In most places, employees (sometimes the boss) dread the Monday morning alarm clock. We can change that. Places we’ve helped have employees who want to be at work, contributing and achieving.
Without helping your customers to succeed, your organization will not succeed. Without helping your employees to succeed, your organization will not succeed. Leadership needs to ensure those successes happen. In every organization, great leadership works hard to provide the right tools—education, information, equipment, materials, policies and a transforming culture—to the organization’s teams catalyzing the mix of talent and experience engendering the behaviors that push an empowered group’s performance to higher levels immediately.
All the elements of the organizational system need to work together. Develop the sense of ownership throughout the organization and instill the aspect of accountability into the culture. (Accountability looks like: “see the problem, take responsibility and take action to resolve it.”)
Great leadership will be “majoring on the majors” and “minoring on the minors”. The major issues will be the factors that hinder optimal performance for the organization. Since all elements of the organizational system are connected, there are one or two linchpins which tether the limits of success. Focus on those and success will be limitless. Get trapped in the mundane, trivial nooks and crannies of the business; watch the team and the business flounder. Identify those decisions that you as a leader need to make. Drive decision-making to the lowest level in the organization where the risks are low, and the knowledge of the situation is higher. In this way, you will ensure that the team knows how to contribute, knows what they are achieving and will look forward to greeting you on Monday morning.
photo credit: drduey via iStockphoto
“No Corporate Element is an Island”
Paraphrasing John Donne’s famous line about a man, in a poem which continues with another famous line about a tolling bell, I have learned over 30 years in management and executive experience that it’s impossible to make a change in one part of an organization without affecting other areas. In order to have lasting change, and have a successful continuous improvement initiative, the whole corporate system and the corporate culture needs to be evaluated and modified where necessary.

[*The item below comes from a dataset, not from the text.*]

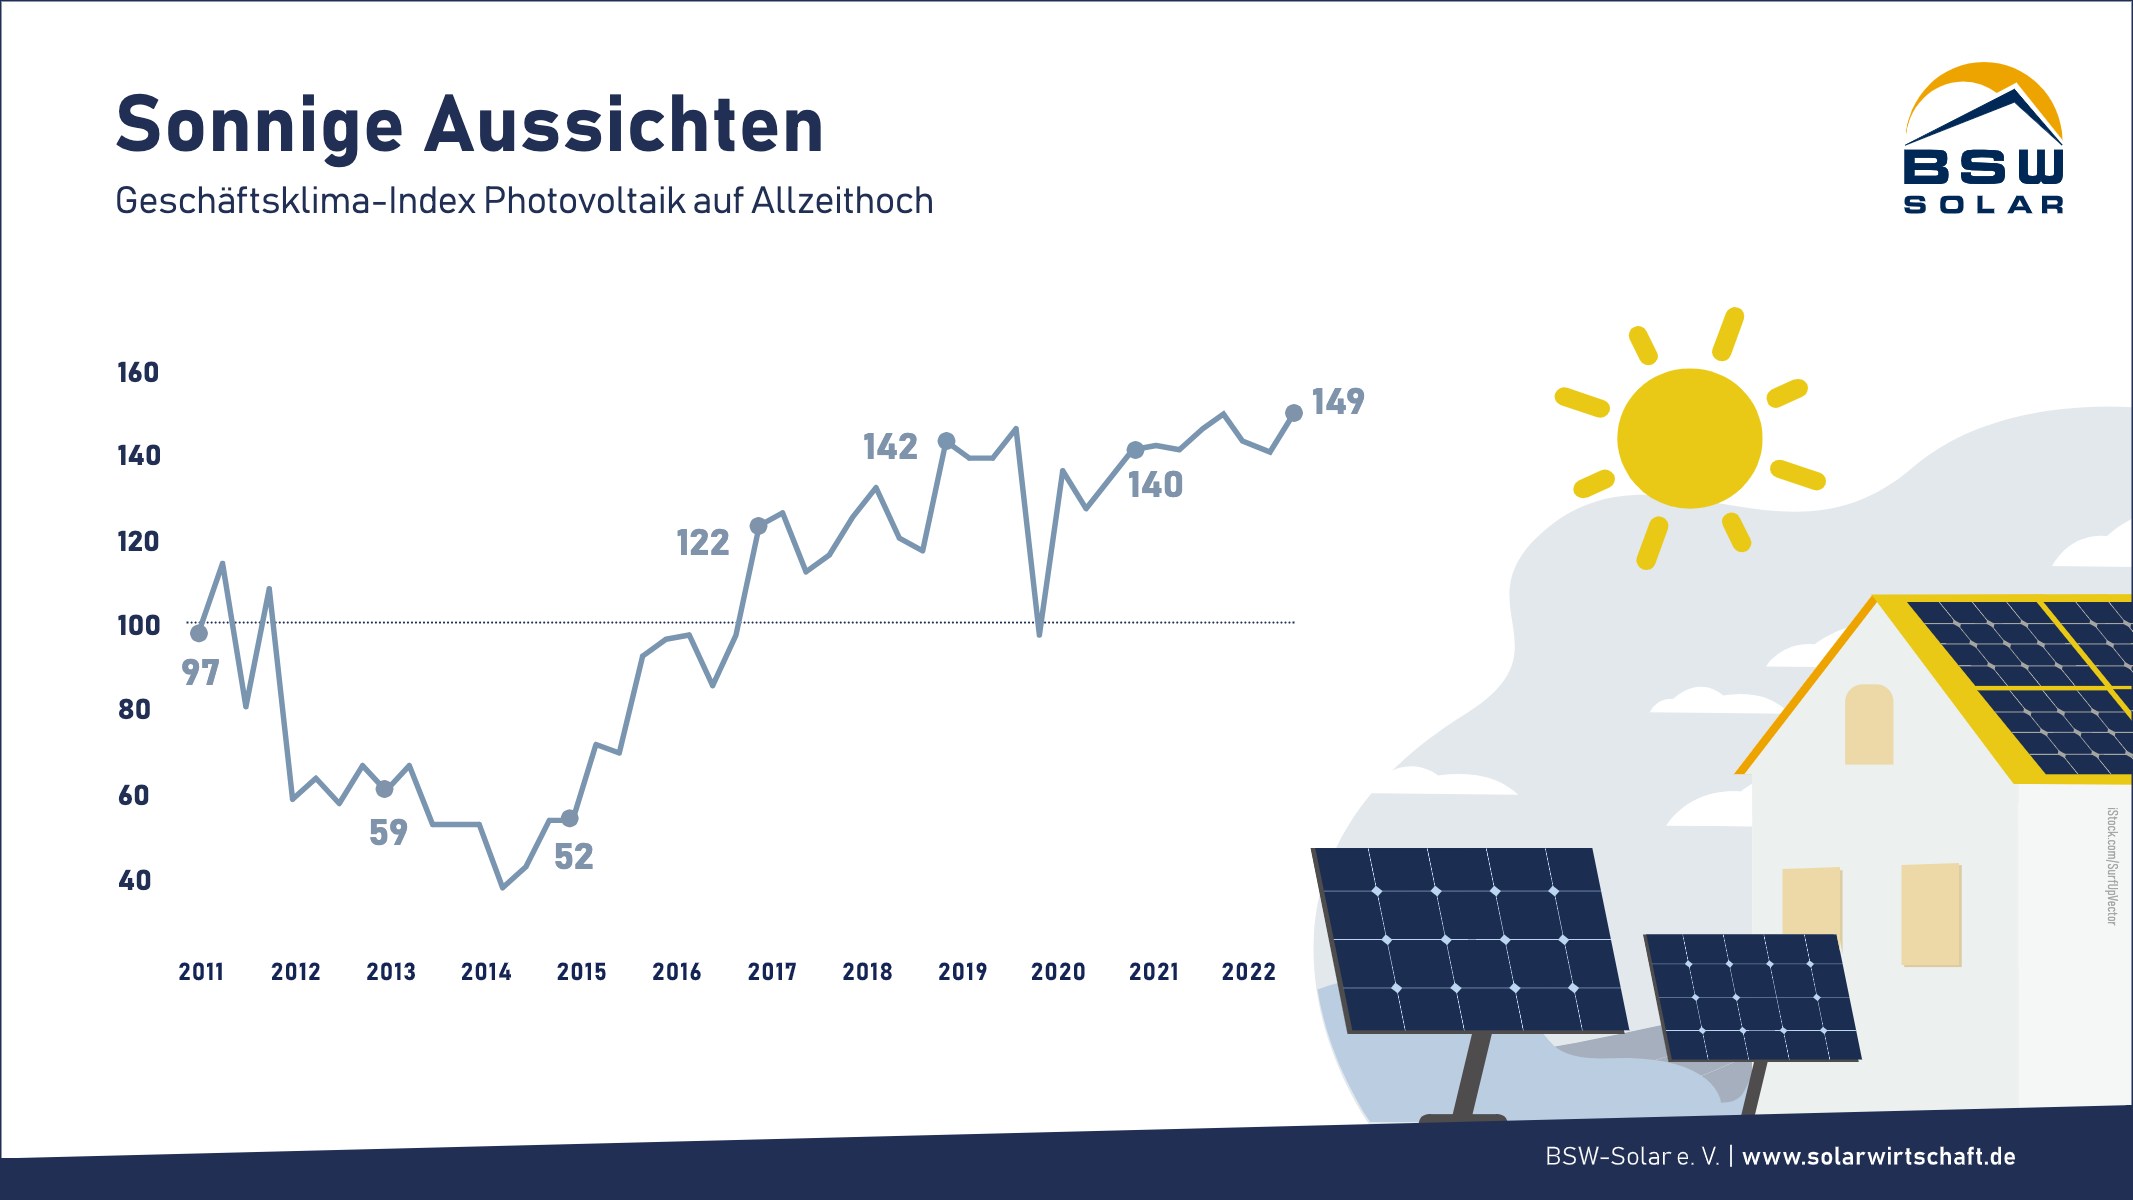 Photovoltaik-Geschäftsklimaindex auf Allzeithoch – pv magazine
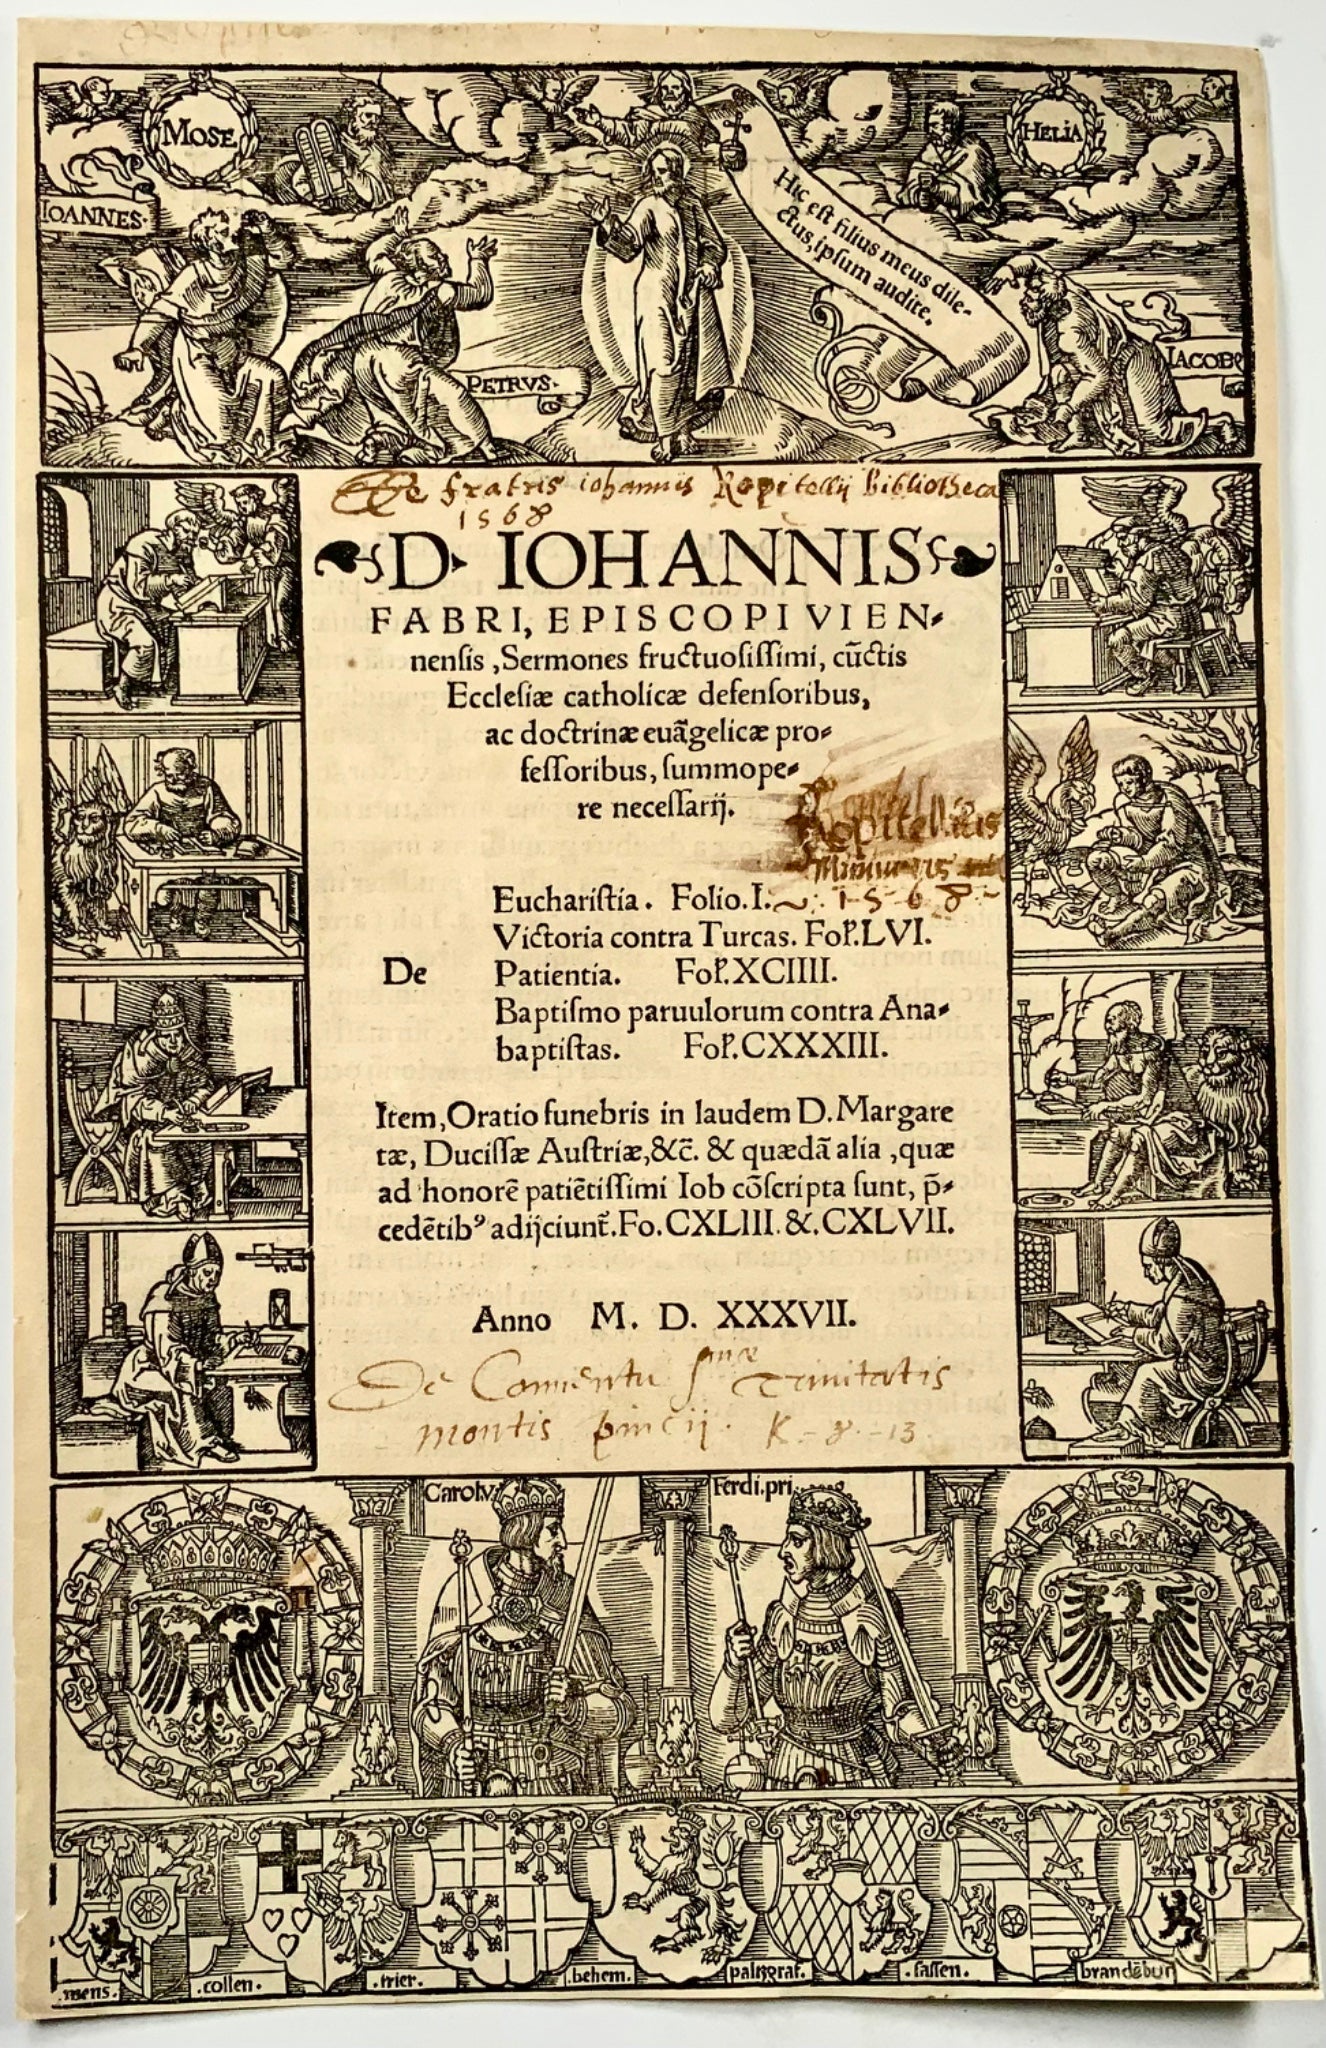 1537 Titolo xilografico, Anton Woensam, bordo xilografico illustrato, Faber, religione

To experience the lasting success that your organization wants, any improvement initiative needs to be anchored in a corporate system and culture that serve as the foundation for that initiative. The elements of the corporate culture have foundational principles that increase trust, which will lead to more engagement and therefore create an organization that’s ready for change. The elements of the system include communication modes and channels, the messages, the way departments support one another, the goals that align the whole organization, the resource focus (like budgets) and projects, the supply chain interactions, and so on down to the policies and procedures that govern how we operate. Perhaps those policies and procedures help, and sometimes they hinder our efforts towards garnering success.
Change programs, in and of themselves, never work for optimizing the effectiveness of the whole organization. They work well in generating results in a micro-optimal manner (some term this as organizational sub-optimization). The whole system needs to be focused and aligned, and some business processes need to be suborned to other processes (i.e. they may not be as efficient as possible) to optimize the whole corporate effort.
4ward Associates will help you analyze your corporate culture, and evaluate the system elements that promote business growth, and identify elements that need to be changed. We will not bring in another program; it will not be viewed as the “fad of the month”. Organizational transformation is hard. What we propose becomes a new way of corporate life. New operational behaviors happen because they will make sense to everyone. They will see the results, recognize their own achievement and realize how they are contributing. It sounds simple, but we often have blinders to what’s needed. However, if you know where to look, it often only takes a few simple steps to have the bell tolling not for a business’ death but in celebration for the success of the organization.